In order to do this, I hypothesized that tweaking the standard conditions of temperature, concentration, and relative humidity when making the honeycomb structures would affect its pore size. In order to see how temperature would affect the pore size of the honeycomb structure, I made multiple honeycomb structures at varying temperatures and concentration levels to find a linear relationship between temperatures and pore size, and an inverse relationship between pore size and concentration levels. Unfortunately, I did not have time to explore the relationships of other variables, such as relative humidity.

Dissolving chemicals used to make honeycomb structures

Dissolving chemicals used to make honeycomb structures

Despite the successes I had in conducting these experiments, there were times when I encountered some obstacles, such as the pore sizes for a particular honeycomb structure all coming out to be different. However, despite these difficulties, I managed to problem-solve my way through it by adjusting the conditions, which made my desired end result much more satisfying. For those who would like to know more about my experiment, you can check it out on my blog or download the presentation I gave at the end of my internship.

Aside from all the interesting experiments I conducted in the laboratory, I had plenty of enjoyment outside—from playing table tennis in the arena to getting to know the lives of college students while having lunch with them.

A final presentation after two weeks brought an end to our internship; we had officially become “internship graduates!”
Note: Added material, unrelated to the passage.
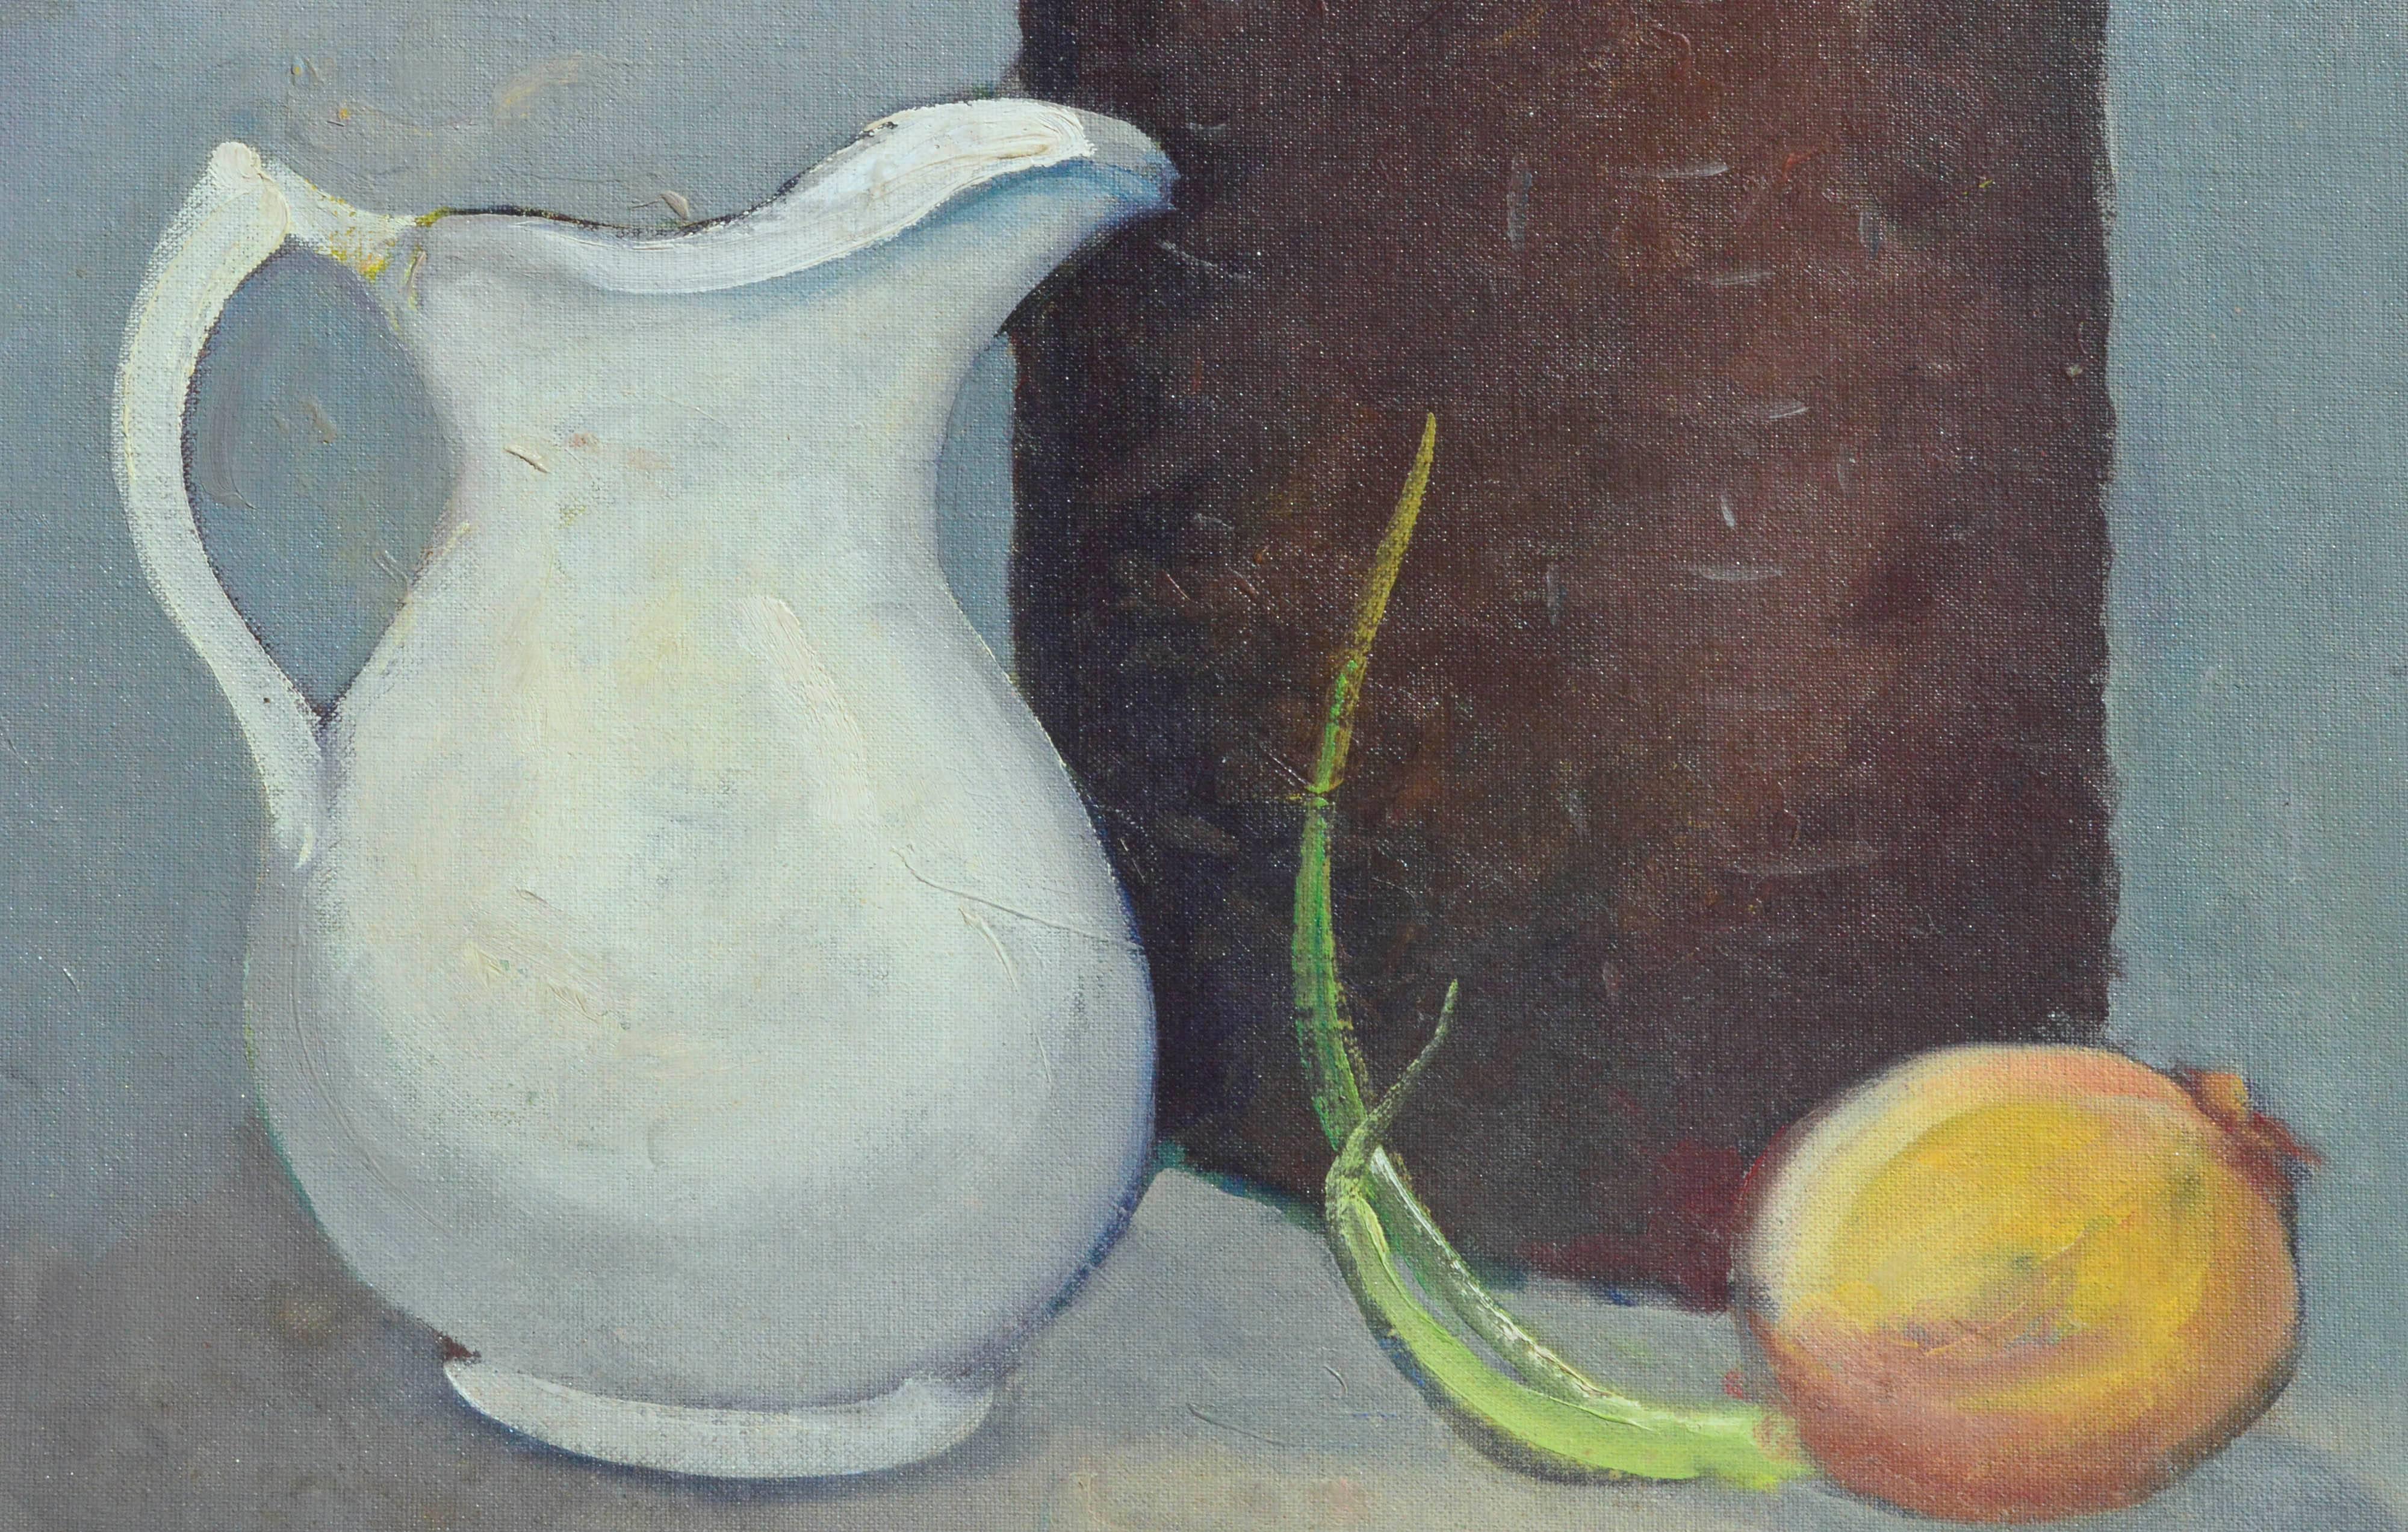 Mid Century White Pitcher, Brown Jug and Onion Still Life - Painting by Jon Blanchette

Overall, this internship gave me exposure to life at college and also gave me some knowledge about Japanese Universities and their college programs. Aside from this, this internship also gave me some insight on what my interests are and what I might want to pursue in the future by giving me exposure to advanced concepts and techniques that I otherwise wouldn’t encounter at school. Lastly, it helped me in my problem-solving skills by allowing me to face my own challenges and hurdles, shaping me into a more confident and independent problem-solver. Dev Gulati (10th Grade)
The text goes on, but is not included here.